When Walt Disney released Fantasia in 1940, he hoped to continually revise the format in order to combine new segments with old favourites. Now, 60 years on, his nephew Roy has resurrected the idea to celebrate the millennium. But, like the original, the sequel is a curates egg, with moments of hilarity and beauty alternating with the pompous and the banal.
The eco theme informing the opening recurs throughout the picture. But neither the sight of geometric butterflies fluttering frantically to the strains of Beethoven's Fifth, nor the concluding renewal fantasy enacted to Stravinsky's Firebird have the abstract grace of the original's Toccata and Fugue. Even less successful is the winsome dance of the flying whales to Respighi's Pines Of Rome, which is further marred by the impersonality of the computer-generated imagery.
In contrast to these more impressionistic pieces, three episodes tell simple stories.

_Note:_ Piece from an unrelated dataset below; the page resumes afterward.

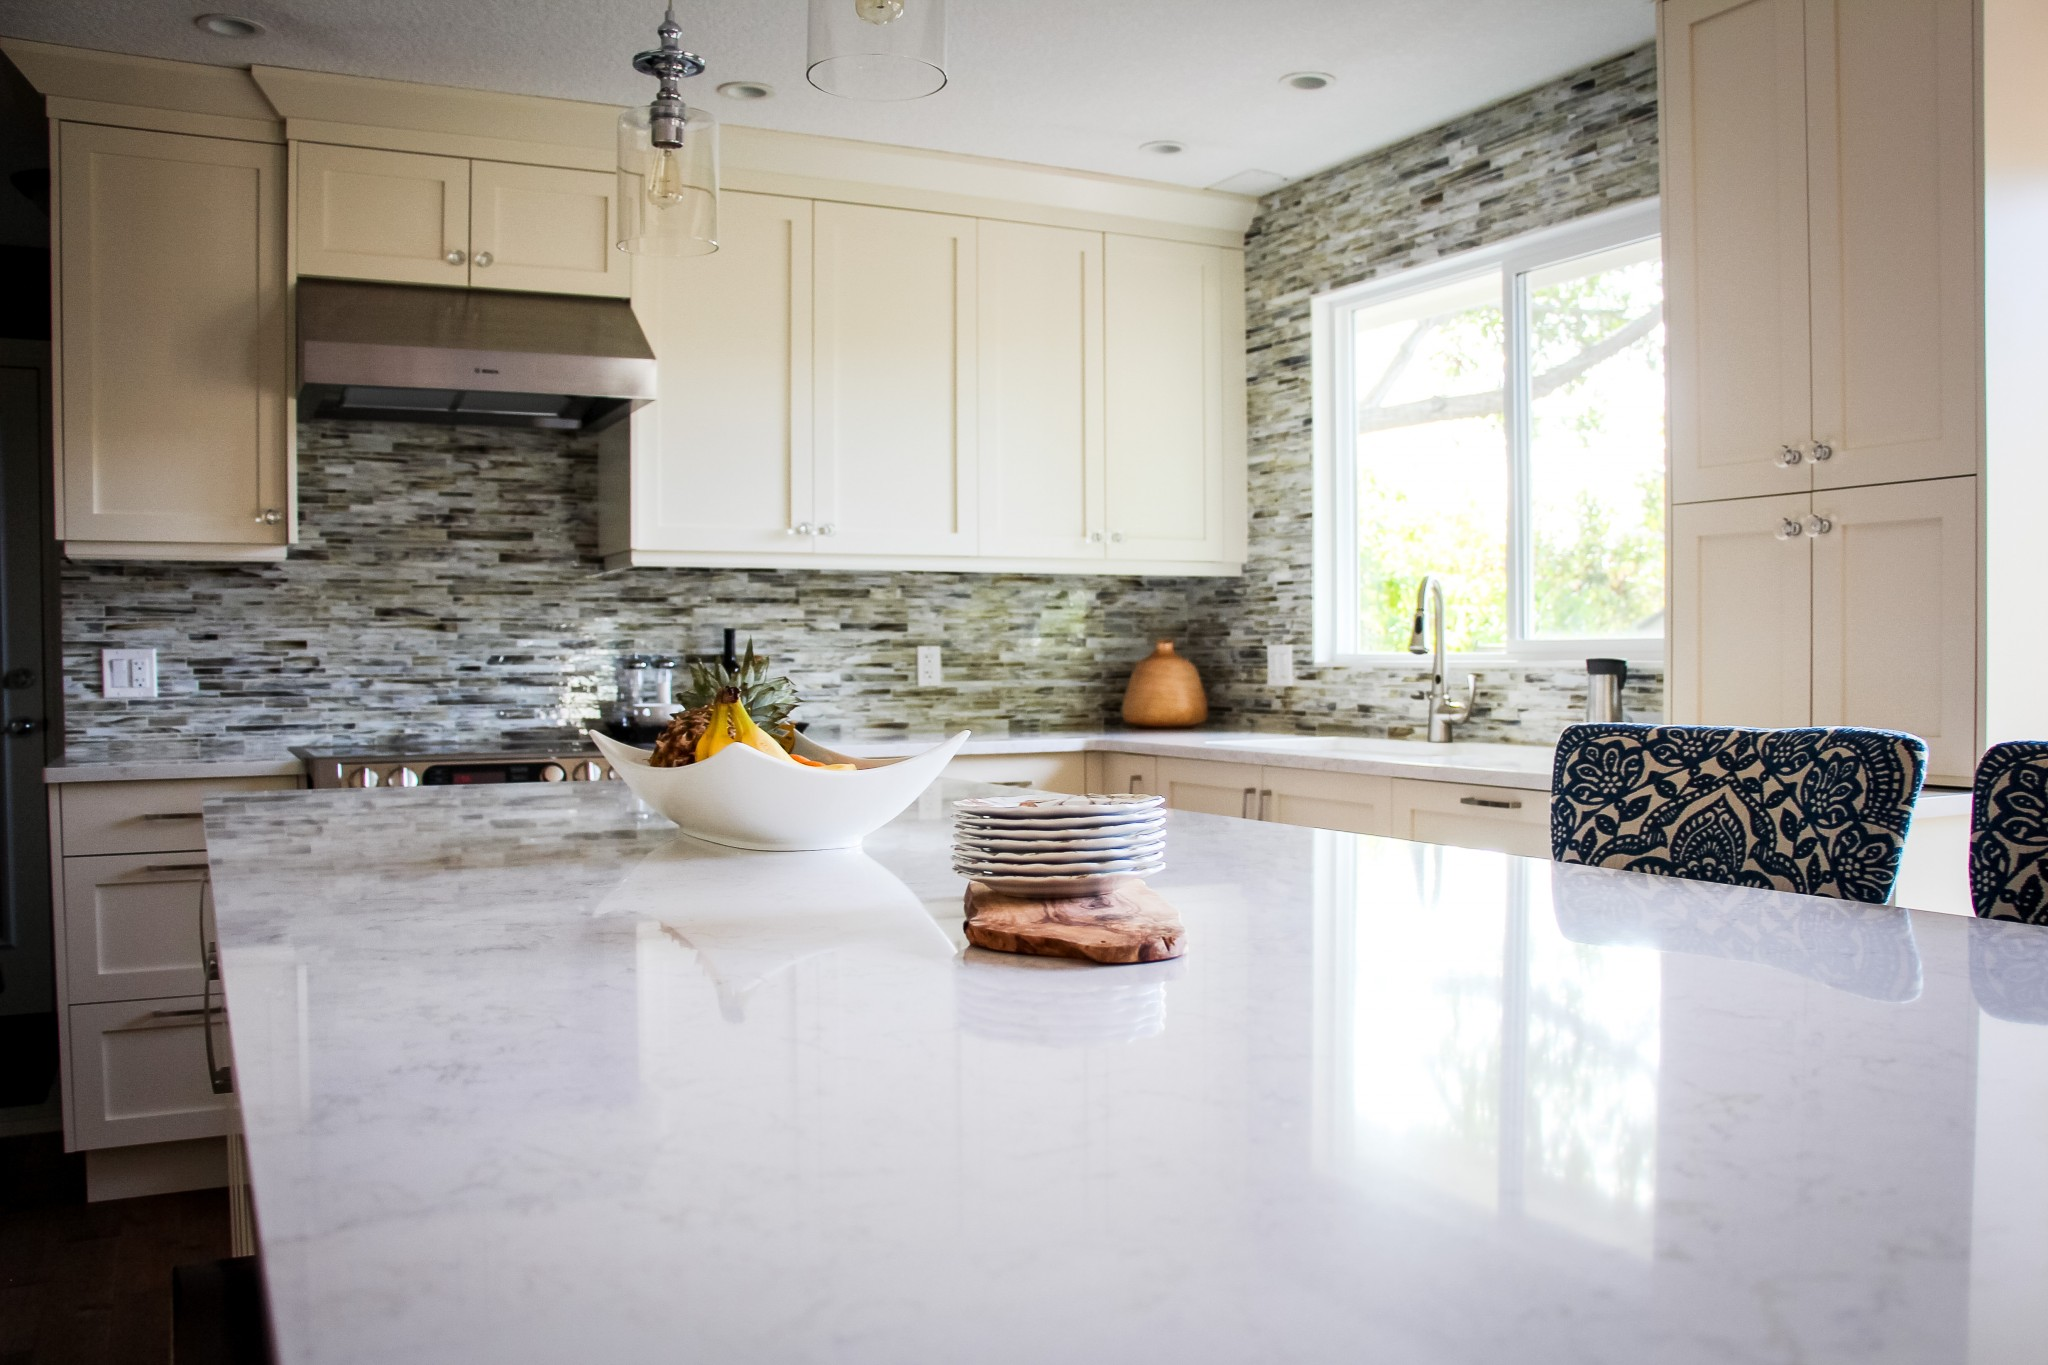 Luxe Kitchen Remodel - Karen Fron Interior Design | Calgary

Mickey Mouse returns in a newly digitised version of The Sorceror's Apprentice, while Hans Christian Andersen's fable of the Steadfast Soldier is unfussily related to the accompaniment of Shostakovich's Piano Concerto #2. Finally, Donald and Daisy Duck have a charmless adventure onboard Noah's Ark, which is not improved by the replacement of Donald's trademark bluster by Elgar's Pomp And Circumstance.

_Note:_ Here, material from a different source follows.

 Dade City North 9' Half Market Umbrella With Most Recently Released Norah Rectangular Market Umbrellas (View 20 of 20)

The real invention is saved for a day in the life... segment inspired by the cartooning of Al Hirschfeld and underscored by Gershwin's Rhapsody In Blue. But, while this New York portmanteau exploits the urban vibrance of the music, it is also guilty of some dubious racial and sexual caricaturing. Free of any such lapses is the gleefully silly episode in which a mischievous flamingo causes havoc with a yoyo to Saint-Saens' Carnival Of The Animals. Dressed up in IMAX, Fantasia 2000 is a breathtaking spectacle. But bereft of its scale, it hardly justifies the 60-year wait.